Only the stretch below from the line holding "Lãnh đạo Cảng" through the line holding "Matrix wallpaper" should be restated, word for word and with both ends included; pictures stay out.

Supplied material
---

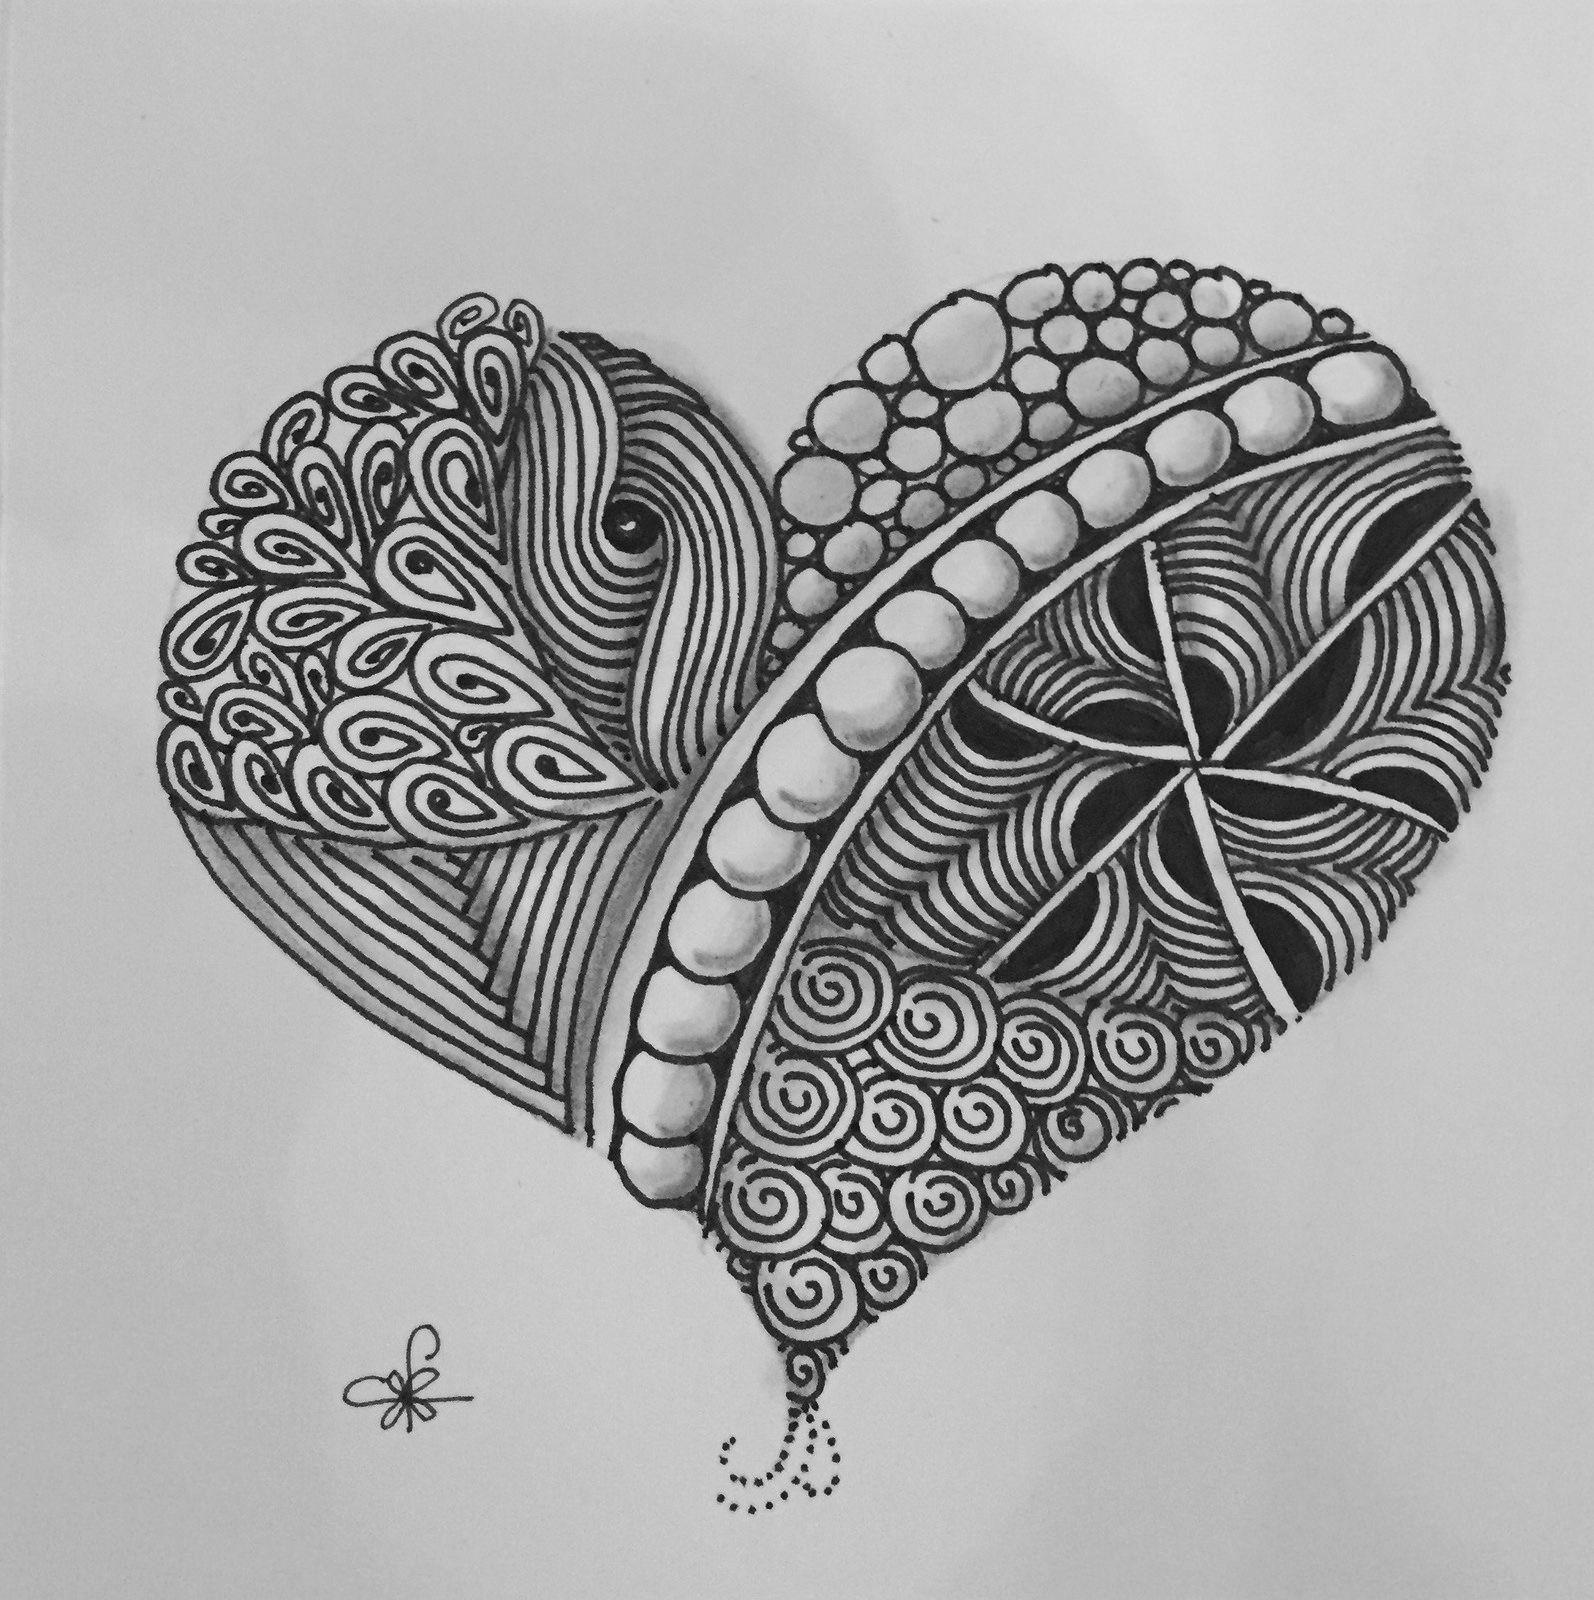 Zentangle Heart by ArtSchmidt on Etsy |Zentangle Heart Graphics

---

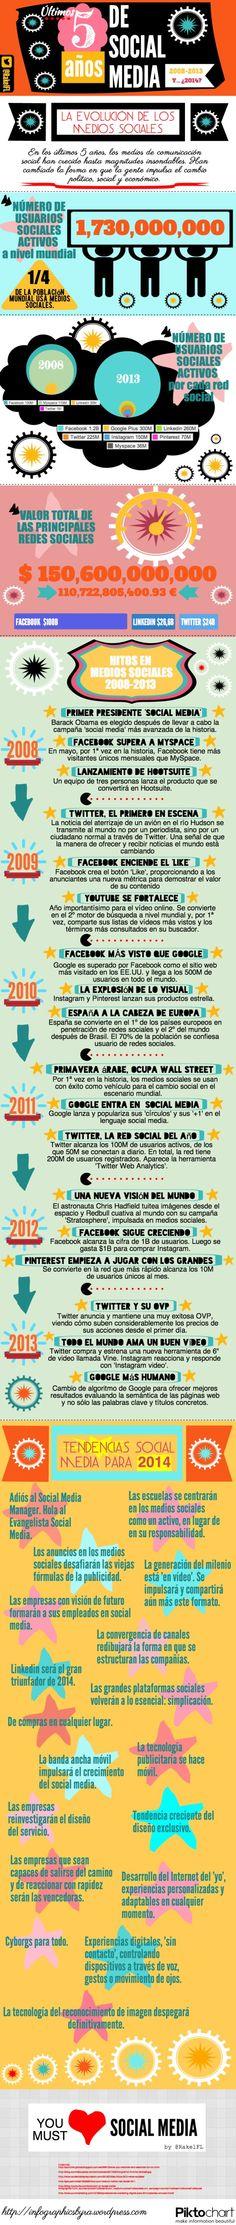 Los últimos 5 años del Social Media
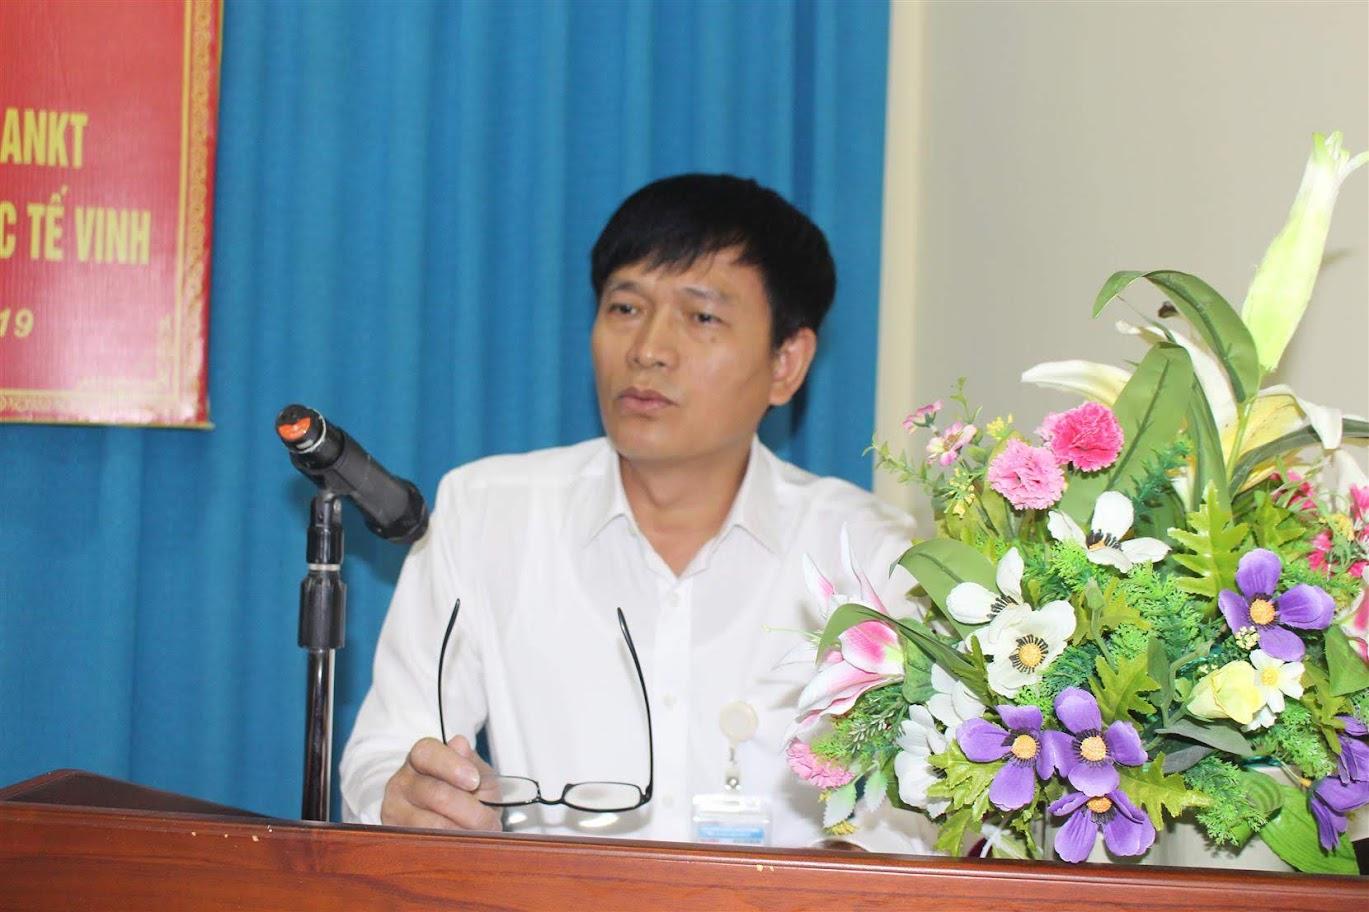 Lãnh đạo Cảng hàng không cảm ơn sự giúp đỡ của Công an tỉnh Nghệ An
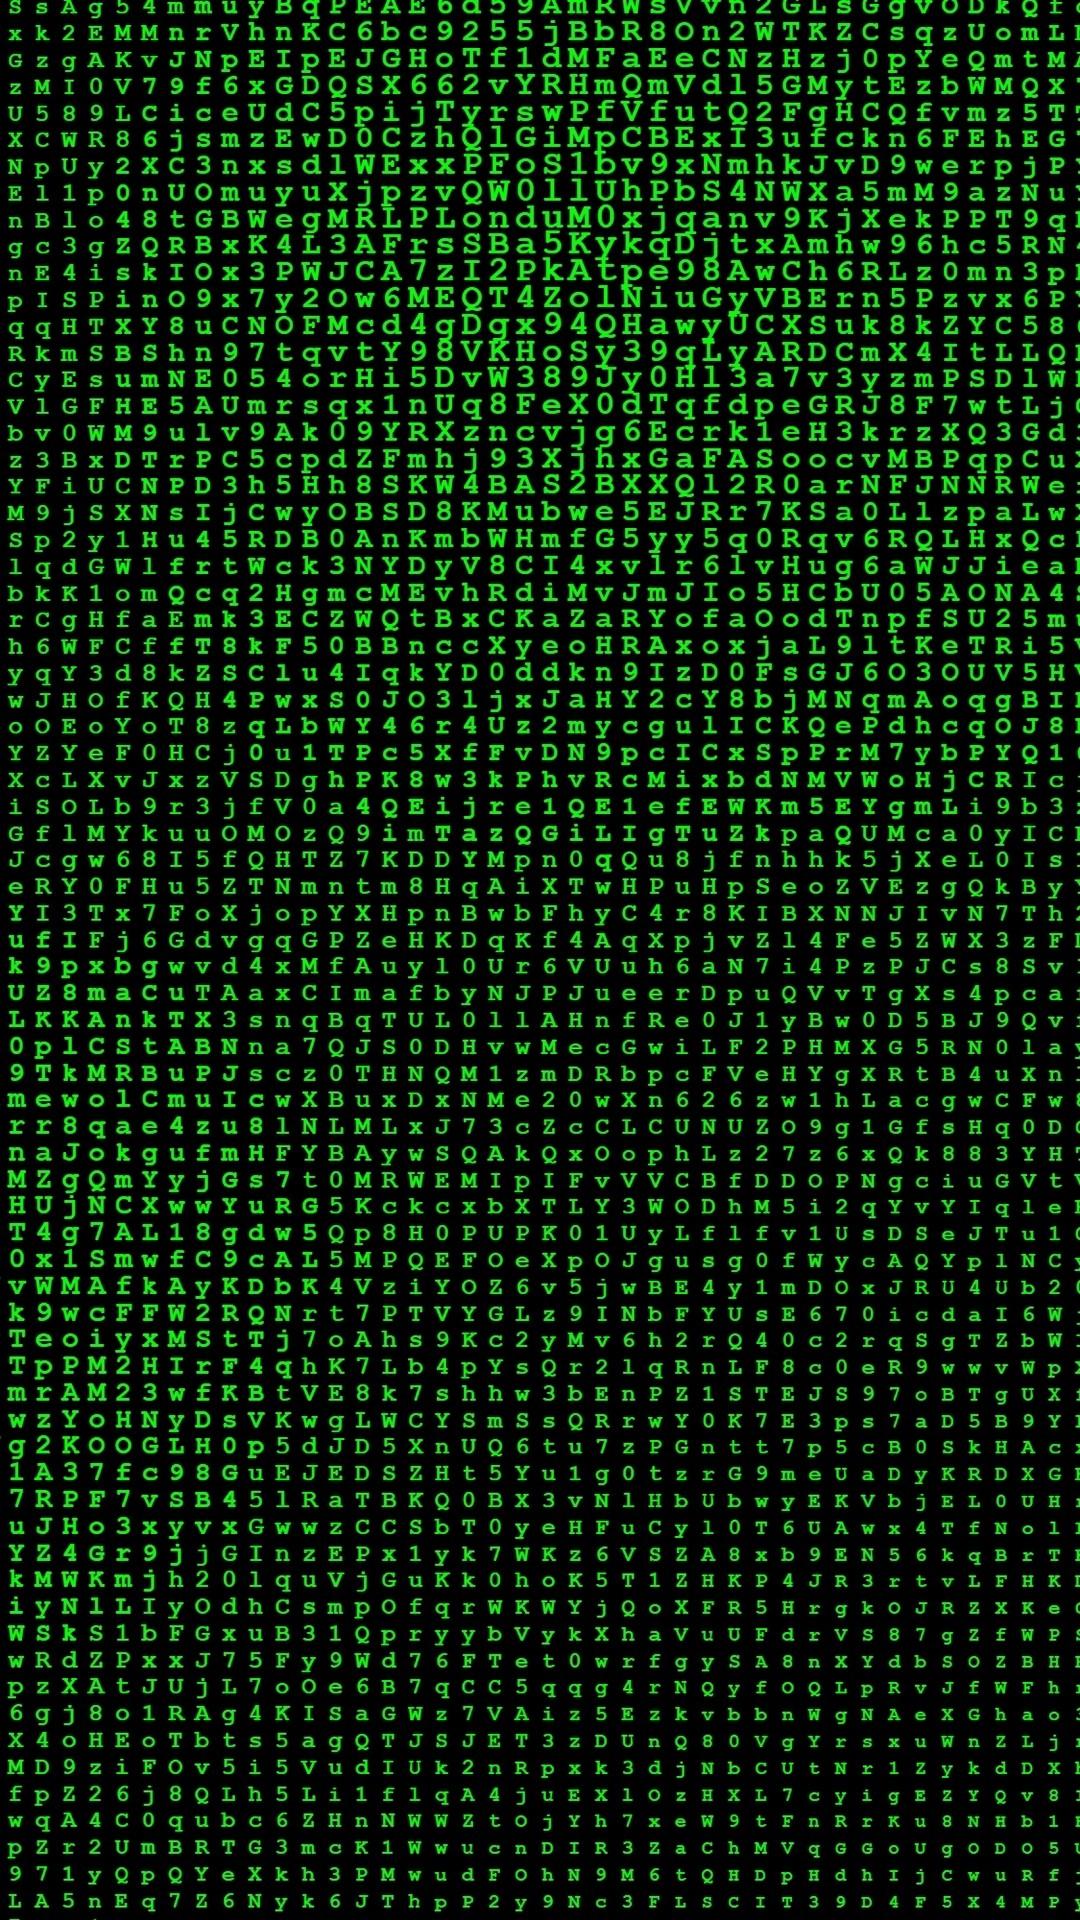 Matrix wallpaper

---

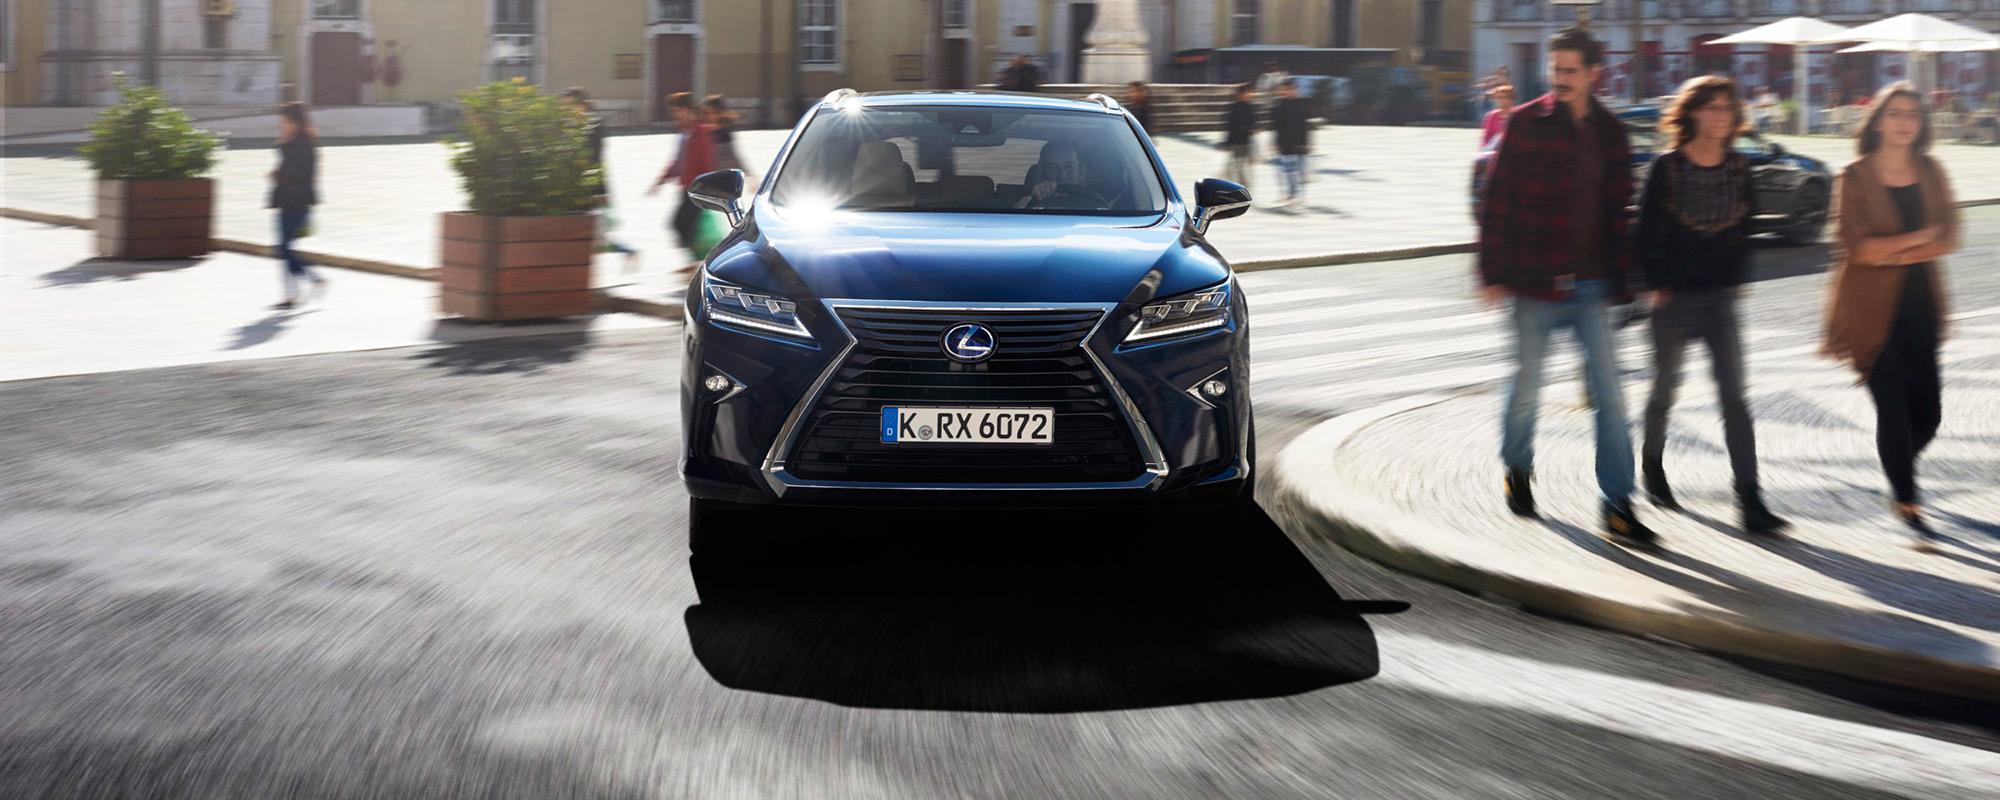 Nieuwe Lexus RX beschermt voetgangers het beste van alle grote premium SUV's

---

Task output
 Lãnh đạo Cảng hàng không cảm ơn sự giúp đỡ của Công an tỉnh Nghệ An
 Matrix wallpaper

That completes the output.